Nearby in the new restaurant installed in the Pyramid of the Louvre, the cuisine is basically that of the Southwest. That a museum restaurant, usually the kind of place for bland classics, couls serve such regional fare is astonishing. The operation is called Le Grand Louvre and is run by a division is the Groupe Accord, which also controls Sofitel and Novotel chains.
Three other restaurants have also been installed in the pyramid by this group. They serve sandwiches, salads, and other light fare.
The consultant in charge of Le Grand Louvre is Andre Daguin, chef and owner of the Michelin two-star Hotel de France in Auch. He has put Yves Pinaud, not a native of Gascony but someone who has worked there for more than 12 years, in charge.
Visitors to the Louvre have their choice of goose galantine with foie gras, smoked fillet of duck with cured ham and foie gras, sauteed apple with duck foie gras, smoked Gascon trout, grilled duck fillet, and confit of duck, among other choices. The desserts include lou pastis, a flaky fruit-filled pastry made with a type of phyllo.
Pinaud said that in keeping with the Gascon approach even the pastry is made with pure duck or goose fat, not butter. Americans who shudder at the though should remember that butter has a higher proportion of saturated fat than does the duck or goose fat. The pastry is absolutely delicious, and had I not been told how it was made, I would never have suspected.
In discussing Le Grand Louvre, I must note that a three-course complete lunch or dinner is 165 francs (about $25), including tax and service. Al Gascon tasting menu is $70, including wines, taxes and service. There is also an all-duck menu, identical with the one that was served for the economic summit, for $125.
The popularity of Southwestern cuisine in France has spread beyond Paris, to other regions. In Le Mans, at the edge of the Loire Valley area, there is a small operation called Le Perigord in the old quarter of town, vaunting the fact that it serves the cuisine of "Les Landes" (famous for foie gras and another of the many names for part of the Southwestern area).

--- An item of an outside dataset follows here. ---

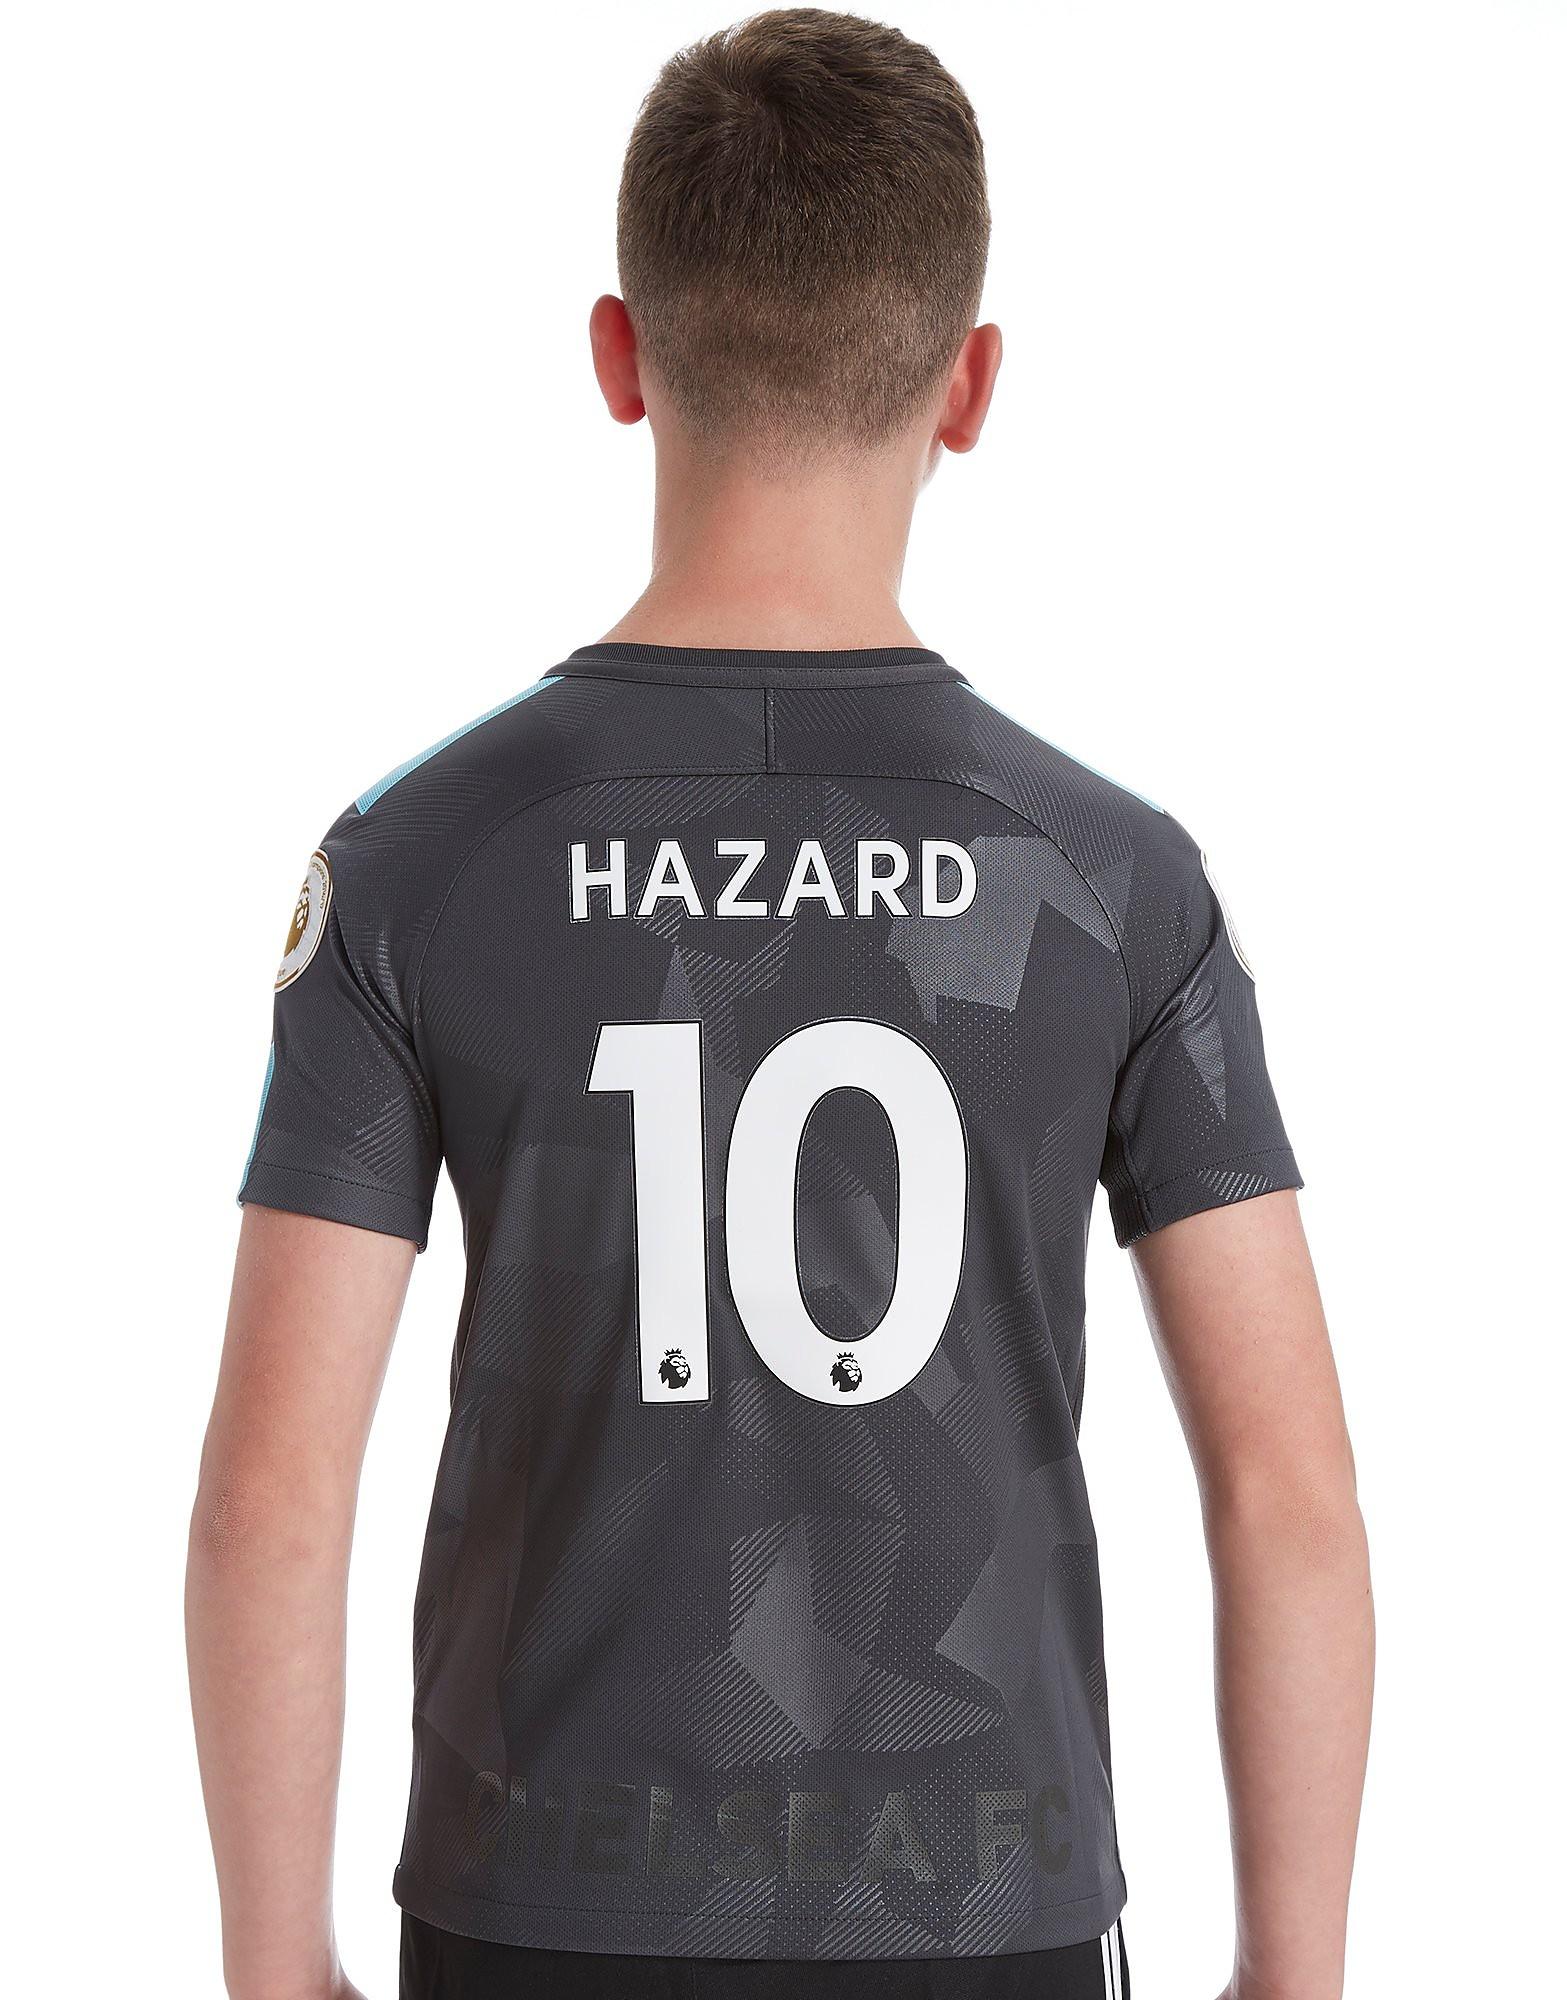 Nike Chelsea FC Third 2017/18 Hazard #10 Shirt Junior

In the Bordeaux area the interest in this cuisine from the region adjacent to this commercial center has been a factor in improving the level of cooking. Not only are foie gras and duck on the menus of operations such as the Saint-James, Cordeillan Bages, and the Pavillon des Boulevards, but the kind of lusty cooking that is typified by Southwestern French cuisine has added a depth of flavor to other ingredients.
Fish, for example, that may come from the nearby Atlantic, will be served in a rich brown sauce. Fresh cod with caramelized onions is simmered with lentils at Pavillon des Boulevards. The lentils come from Le Puy, also in the Southwest. Bass roasted with chicken livers is another example.
And on the desert list, also from the Southwest is prune ice cream. This delectable confection is served in Le Grand Louvre and at the Saint James. Of course it is on the menu at the Hotel de France in Auch.
Southwestern French may never challenge Southwestern American in this country, but it has begun to show up. An early example is Zum Cafe in San Francisco. The latest may be Alison's on Dominick Street in New York. Manhattan's Ambassador Grill is staffed with chefs trained by Dagiun. Perhaps the premier practitioner of the cuisine, in this country, with overtones of our own Southwest, is Jean-Louis Palladin at the Watergate.